No pictures go into the copy. Write out every line below exactly.

RECORDED DATA
>>>>
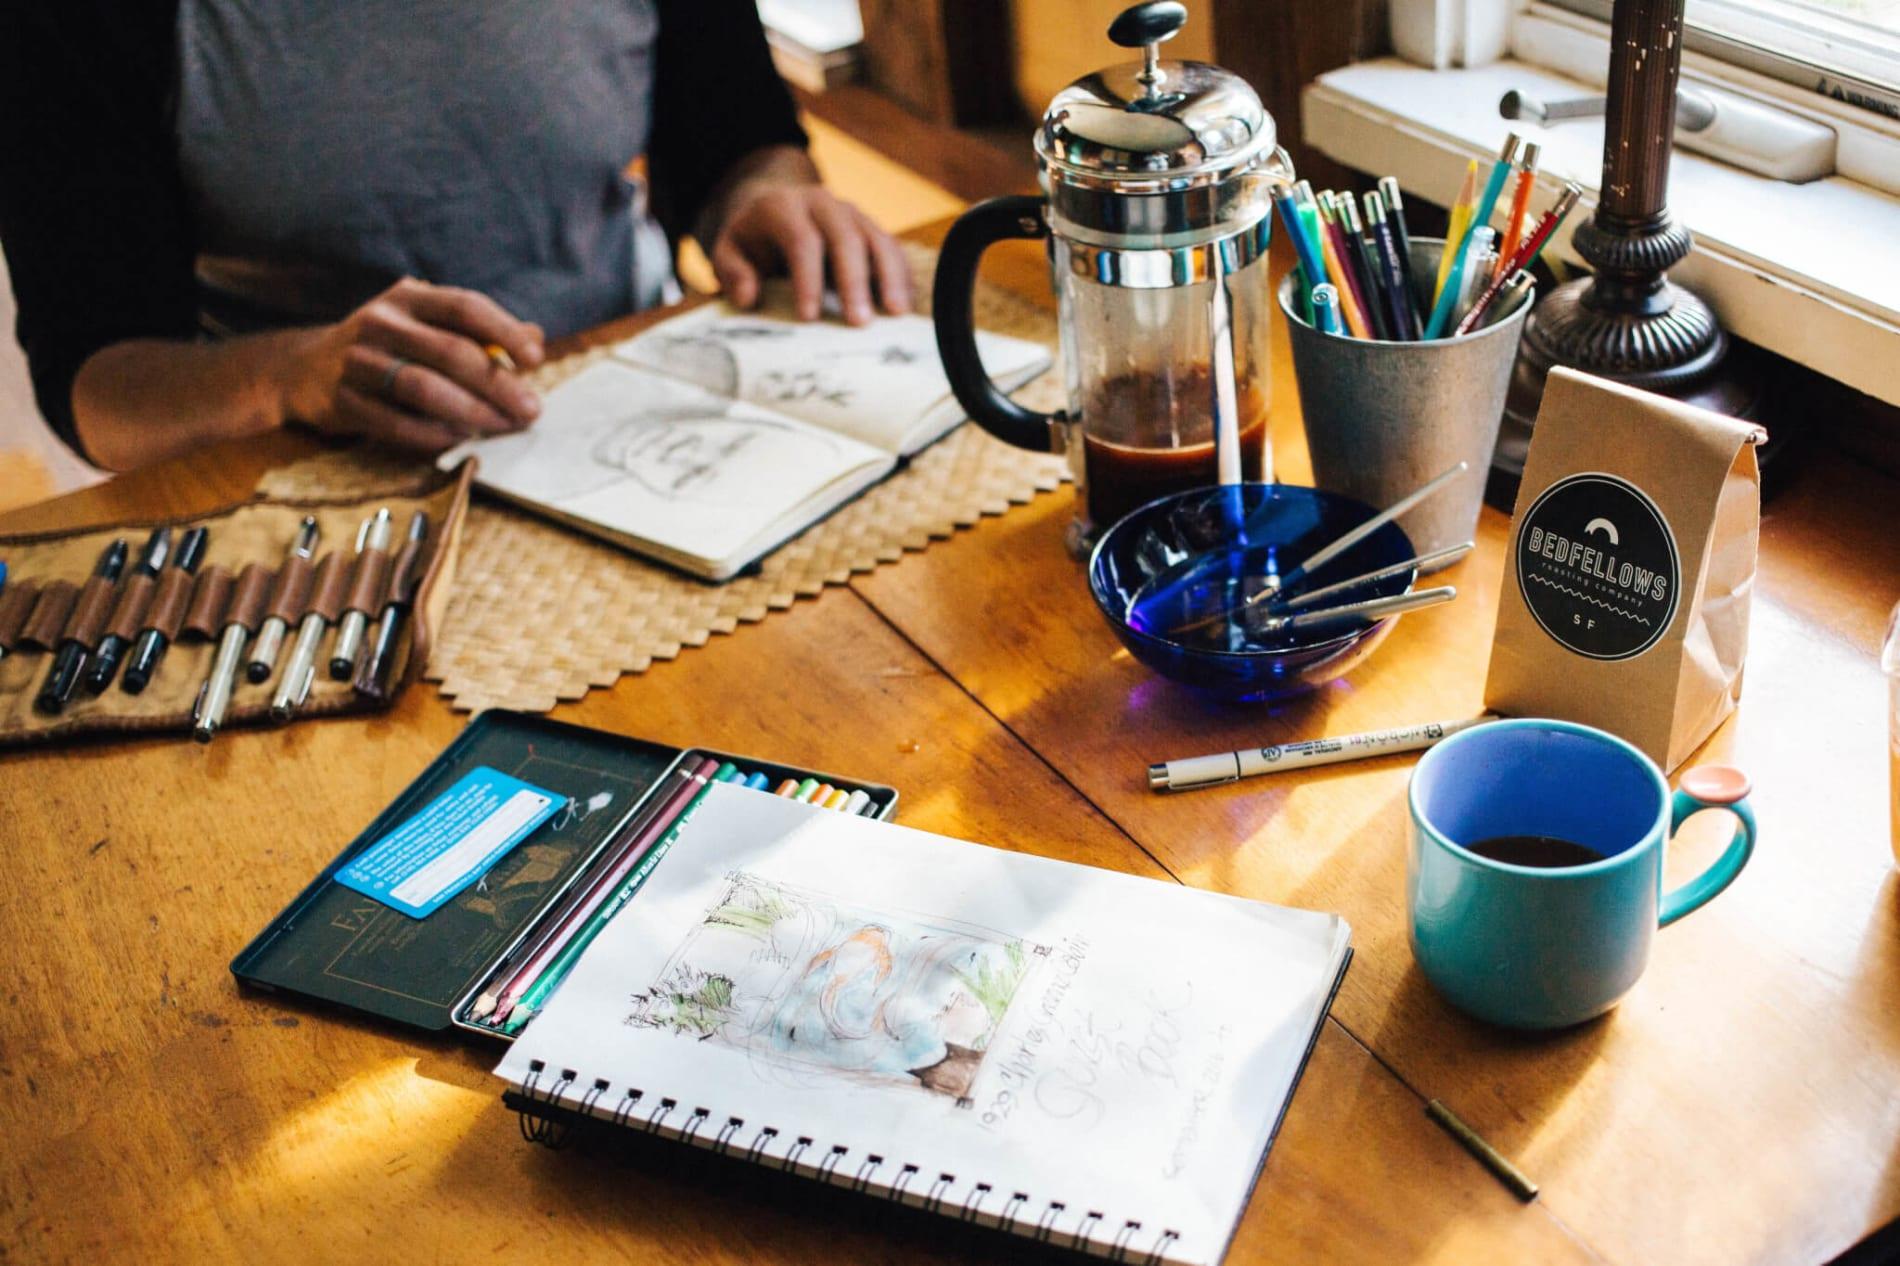 Pump Up Your People's Productivity with This New Take on Workplace Creativity - rachael-gorjestani-X6CZGpJBi8U-unsplash.jpg
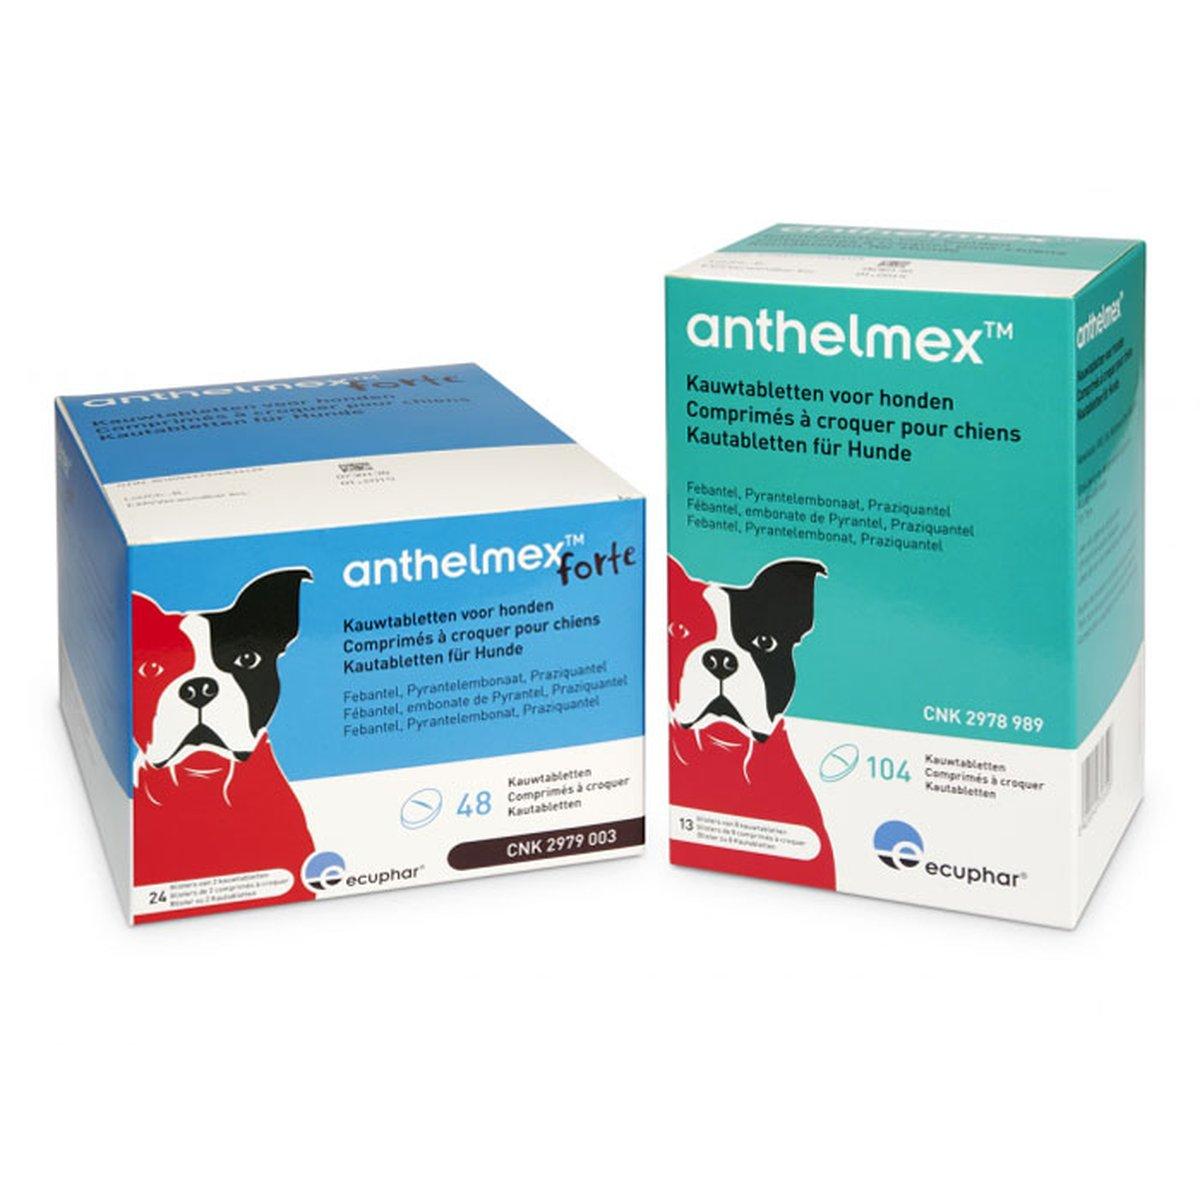 Afbeelding van Anthelmex Hond <17,5kg Kauwtabletten Kennelverpakking 104st
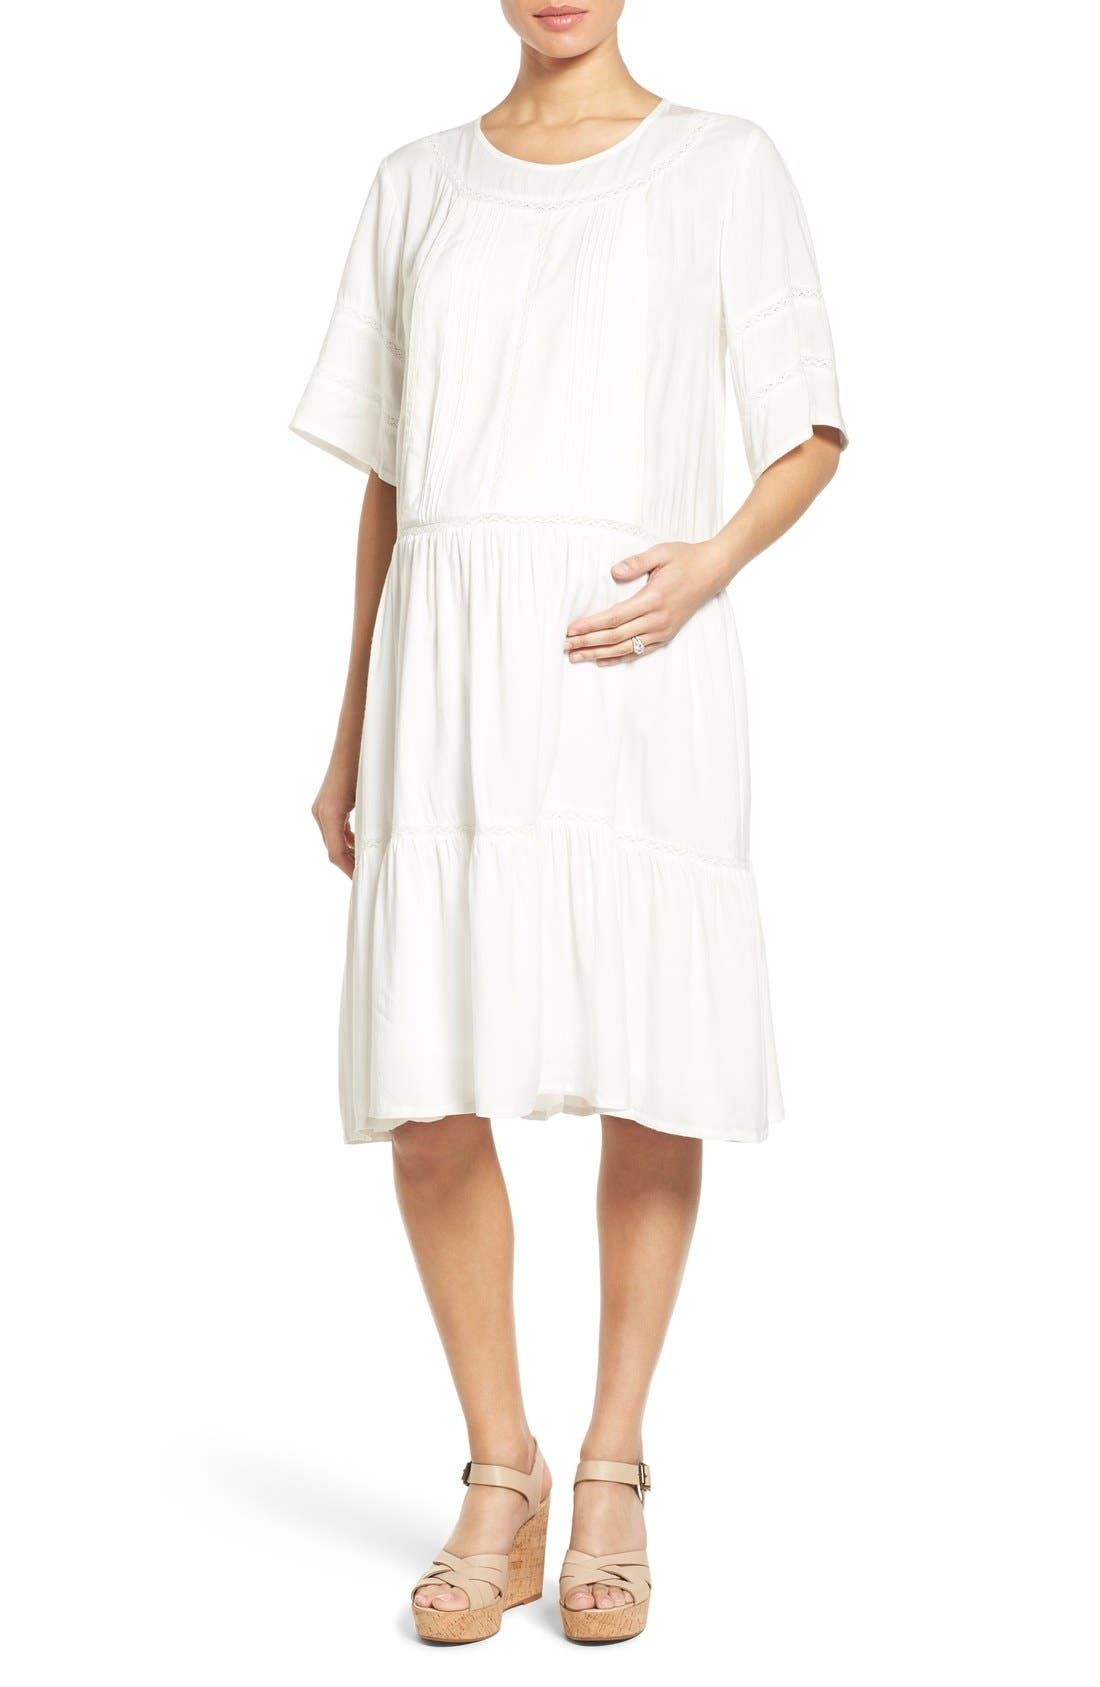 Fillyboo 'Wild at Heart' Maternity/Nursing Midi Dress
<<<<
EXERCISE ANSWER
 Pump Up Your People's Productivity with This New Take on Workplace Creativity - rachael-gorjestani-X6CZGpJBi8U-unsplash.jpg
 Afbeelding van Anthelmex Hond <17,5kg Kauwtabletten Kennelverpakking 104st
 Fillyboo 'Wild at Heart' Maternity/Nursing Midi Dress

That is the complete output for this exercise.